§ **WHAT YOU WILL DO**
Where does the string "orange" occur in the records? Copy each line that holds it.

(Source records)
Segment Open

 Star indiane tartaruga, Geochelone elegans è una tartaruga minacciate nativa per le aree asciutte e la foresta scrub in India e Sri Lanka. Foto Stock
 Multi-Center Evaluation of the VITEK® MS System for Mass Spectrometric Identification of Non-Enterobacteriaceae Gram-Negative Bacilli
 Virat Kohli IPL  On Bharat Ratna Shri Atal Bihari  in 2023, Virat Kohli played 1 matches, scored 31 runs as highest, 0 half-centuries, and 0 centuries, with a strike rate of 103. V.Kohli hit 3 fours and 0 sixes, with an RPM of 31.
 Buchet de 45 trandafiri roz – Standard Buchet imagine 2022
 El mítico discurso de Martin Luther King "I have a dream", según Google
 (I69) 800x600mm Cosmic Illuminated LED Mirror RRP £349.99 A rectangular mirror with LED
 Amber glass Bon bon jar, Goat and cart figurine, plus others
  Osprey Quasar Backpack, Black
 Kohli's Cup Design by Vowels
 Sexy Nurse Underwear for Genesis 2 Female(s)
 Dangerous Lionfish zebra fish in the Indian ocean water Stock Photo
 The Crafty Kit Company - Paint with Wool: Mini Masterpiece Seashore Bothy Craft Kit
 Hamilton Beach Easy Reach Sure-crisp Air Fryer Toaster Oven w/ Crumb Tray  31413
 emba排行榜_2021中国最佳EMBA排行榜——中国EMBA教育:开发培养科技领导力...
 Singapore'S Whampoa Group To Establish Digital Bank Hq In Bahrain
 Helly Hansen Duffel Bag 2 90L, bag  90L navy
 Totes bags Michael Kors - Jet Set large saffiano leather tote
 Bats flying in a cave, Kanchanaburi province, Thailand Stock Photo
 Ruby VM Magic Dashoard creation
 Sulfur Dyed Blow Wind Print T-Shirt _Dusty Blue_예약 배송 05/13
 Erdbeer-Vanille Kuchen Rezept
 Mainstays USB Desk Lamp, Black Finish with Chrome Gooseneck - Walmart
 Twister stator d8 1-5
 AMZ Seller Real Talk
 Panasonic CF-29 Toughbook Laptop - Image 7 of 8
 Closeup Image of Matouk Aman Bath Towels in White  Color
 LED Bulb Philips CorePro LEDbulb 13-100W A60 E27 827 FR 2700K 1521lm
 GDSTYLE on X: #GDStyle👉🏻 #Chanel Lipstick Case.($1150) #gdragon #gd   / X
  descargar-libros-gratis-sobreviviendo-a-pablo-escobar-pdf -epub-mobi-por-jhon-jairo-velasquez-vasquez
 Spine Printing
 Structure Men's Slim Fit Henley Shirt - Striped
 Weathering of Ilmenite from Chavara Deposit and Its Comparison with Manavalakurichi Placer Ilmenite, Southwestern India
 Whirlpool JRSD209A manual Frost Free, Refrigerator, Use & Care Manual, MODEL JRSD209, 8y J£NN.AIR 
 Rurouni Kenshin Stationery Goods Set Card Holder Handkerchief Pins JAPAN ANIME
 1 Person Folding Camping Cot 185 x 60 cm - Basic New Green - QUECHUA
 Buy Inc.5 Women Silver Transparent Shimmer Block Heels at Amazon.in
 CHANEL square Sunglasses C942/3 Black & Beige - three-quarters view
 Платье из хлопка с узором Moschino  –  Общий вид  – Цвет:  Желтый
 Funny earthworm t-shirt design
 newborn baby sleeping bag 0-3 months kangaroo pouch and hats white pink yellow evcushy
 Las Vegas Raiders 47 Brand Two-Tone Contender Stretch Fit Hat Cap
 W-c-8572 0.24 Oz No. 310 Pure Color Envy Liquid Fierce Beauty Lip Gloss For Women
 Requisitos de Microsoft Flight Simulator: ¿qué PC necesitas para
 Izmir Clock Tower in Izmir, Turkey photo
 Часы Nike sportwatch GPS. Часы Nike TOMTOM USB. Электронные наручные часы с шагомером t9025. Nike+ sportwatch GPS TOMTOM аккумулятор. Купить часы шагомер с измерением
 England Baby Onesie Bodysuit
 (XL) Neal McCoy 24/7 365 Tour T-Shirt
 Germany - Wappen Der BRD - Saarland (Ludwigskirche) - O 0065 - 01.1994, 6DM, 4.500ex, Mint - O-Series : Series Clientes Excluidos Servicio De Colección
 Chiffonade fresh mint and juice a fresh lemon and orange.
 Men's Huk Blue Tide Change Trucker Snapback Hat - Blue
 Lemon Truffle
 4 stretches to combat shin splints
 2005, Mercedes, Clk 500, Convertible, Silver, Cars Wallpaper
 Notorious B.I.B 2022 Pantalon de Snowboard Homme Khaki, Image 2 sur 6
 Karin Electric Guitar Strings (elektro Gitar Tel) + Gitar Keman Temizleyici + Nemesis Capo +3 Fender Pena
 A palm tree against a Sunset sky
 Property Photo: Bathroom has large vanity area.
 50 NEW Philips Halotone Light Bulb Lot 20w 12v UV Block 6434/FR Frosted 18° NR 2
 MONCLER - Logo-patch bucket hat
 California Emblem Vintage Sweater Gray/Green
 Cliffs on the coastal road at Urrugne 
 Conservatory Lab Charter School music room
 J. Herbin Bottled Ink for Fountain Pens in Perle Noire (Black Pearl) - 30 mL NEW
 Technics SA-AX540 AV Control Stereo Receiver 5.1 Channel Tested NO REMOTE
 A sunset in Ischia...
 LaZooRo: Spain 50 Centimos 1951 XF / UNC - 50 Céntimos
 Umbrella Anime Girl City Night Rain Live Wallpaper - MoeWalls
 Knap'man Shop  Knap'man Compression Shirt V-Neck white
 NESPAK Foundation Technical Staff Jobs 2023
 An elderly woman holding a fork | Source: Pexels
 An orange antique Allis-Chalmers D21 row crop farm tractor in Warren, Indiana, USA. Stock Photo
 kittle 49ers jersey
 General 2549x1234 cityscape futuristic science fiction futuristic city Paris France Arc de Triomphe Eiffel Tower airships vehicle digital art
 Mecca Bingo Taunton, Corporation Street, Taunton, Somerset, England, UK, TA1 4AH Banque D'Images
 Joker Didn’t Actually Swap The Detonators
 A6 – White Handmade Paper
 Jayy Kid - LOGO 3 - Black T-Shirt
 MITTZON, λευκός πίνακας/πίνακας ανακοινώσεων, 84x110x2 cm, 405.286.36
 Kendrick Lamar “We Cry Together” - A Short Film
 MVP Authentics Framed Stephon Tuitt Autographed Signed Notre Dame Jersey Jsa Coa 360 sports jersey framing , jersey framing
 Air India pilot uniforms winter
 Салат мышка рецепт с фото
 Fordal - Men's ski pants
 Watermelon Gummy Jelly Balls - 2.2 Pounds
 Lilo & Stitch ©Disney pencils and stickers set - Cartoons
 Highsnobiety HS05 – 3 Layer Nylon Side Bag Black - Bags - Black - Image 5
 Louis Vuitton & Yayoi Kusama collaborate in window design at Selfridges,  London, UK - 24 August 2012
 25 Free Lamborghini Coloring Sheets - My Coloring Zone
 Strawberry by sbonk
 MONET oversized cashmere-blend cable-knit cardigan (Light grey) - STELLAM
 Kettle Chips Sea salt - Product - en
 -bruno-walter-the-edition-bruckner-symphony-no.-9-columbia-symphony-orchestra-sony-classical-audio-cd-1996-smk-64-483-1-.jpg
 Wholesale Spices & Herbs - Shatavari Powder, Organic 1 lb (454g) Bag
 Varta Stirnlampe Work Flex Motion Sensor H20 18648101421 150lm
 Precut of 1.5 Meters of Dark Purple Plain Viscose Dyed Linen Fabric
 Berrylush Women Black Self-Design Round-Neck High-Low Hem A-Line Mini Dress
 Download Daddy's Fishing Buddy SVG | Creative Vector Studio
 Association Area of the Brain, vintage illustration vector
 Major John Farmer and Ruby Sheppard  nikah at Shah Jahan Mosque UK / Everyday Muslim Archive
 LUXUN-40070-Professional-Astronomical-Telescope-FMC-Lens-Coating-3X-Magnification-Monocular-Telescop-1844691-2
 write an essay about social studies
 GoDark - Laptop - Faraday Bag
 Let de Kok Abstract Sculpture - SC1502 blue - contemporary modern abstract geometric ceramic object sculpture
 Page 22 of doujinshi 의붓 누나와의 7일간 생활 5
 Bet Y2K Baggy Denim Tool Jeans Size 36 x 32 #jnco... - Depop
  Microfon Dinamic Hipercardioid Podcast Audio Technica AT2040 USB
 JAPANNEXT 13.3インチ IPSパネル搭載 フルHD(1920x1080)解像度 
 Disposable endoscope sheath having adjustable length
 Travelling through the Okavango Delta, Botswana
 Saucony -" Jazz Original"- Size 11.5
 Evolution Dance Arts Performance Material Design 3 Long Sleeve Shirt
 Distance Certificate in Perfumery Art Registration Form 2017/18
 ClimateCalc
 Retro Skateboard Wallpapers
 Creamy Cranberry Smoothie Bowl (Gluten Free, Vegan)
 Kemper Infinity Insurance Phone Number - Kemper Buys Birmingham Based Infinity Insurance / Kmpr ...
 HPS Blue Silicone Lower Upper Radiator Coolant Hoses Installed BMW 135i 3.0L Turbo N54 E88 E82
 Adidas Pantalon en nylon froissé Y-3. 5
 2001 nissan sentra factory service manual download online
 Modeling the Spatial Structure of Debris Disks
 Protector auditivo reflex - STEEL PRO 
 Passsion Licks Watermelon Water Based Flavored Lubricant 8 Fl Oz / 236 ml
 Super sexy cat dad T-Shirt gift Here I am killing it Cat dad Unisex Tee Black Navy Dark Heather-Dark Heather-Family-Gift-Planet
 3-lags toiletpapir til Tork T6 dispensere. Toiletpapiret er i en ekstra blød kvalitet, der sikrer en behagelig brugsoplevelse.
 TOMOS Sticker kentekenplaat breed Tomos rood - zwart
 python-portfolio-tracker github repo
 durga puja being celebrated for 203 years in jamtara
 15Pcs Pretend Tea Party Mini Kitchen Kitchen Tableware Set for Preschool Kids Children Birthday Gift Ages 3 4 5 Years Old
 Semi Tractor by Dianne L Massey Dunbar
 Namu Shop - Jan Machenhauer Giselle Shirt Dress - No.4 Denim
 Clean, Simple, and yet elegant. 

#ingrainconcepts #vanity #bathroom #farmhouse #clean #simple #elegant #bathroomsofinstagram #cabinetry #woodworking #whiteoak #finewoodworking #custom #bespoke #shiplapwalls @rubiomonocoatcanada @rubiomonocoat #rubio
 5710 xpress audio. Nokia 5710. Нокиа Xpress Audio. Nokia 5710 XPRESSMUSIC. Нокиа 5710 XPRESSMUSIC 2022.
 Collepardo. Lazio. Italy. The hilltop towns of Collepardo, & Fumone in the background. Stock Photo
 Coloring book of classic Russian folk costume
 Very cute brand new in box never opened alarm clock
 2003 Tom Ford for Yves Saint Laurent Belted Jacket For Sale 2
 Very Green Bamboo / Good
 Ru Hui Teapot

Segment Closed

§ **YOUR SOLUTION**
 Chiffonade fresh mint and juice a fresh lemon and orange.
 An orange antique Allis-Chalmers D21 row crop farm tractor in Warren, Indiana, USA. Stock Photo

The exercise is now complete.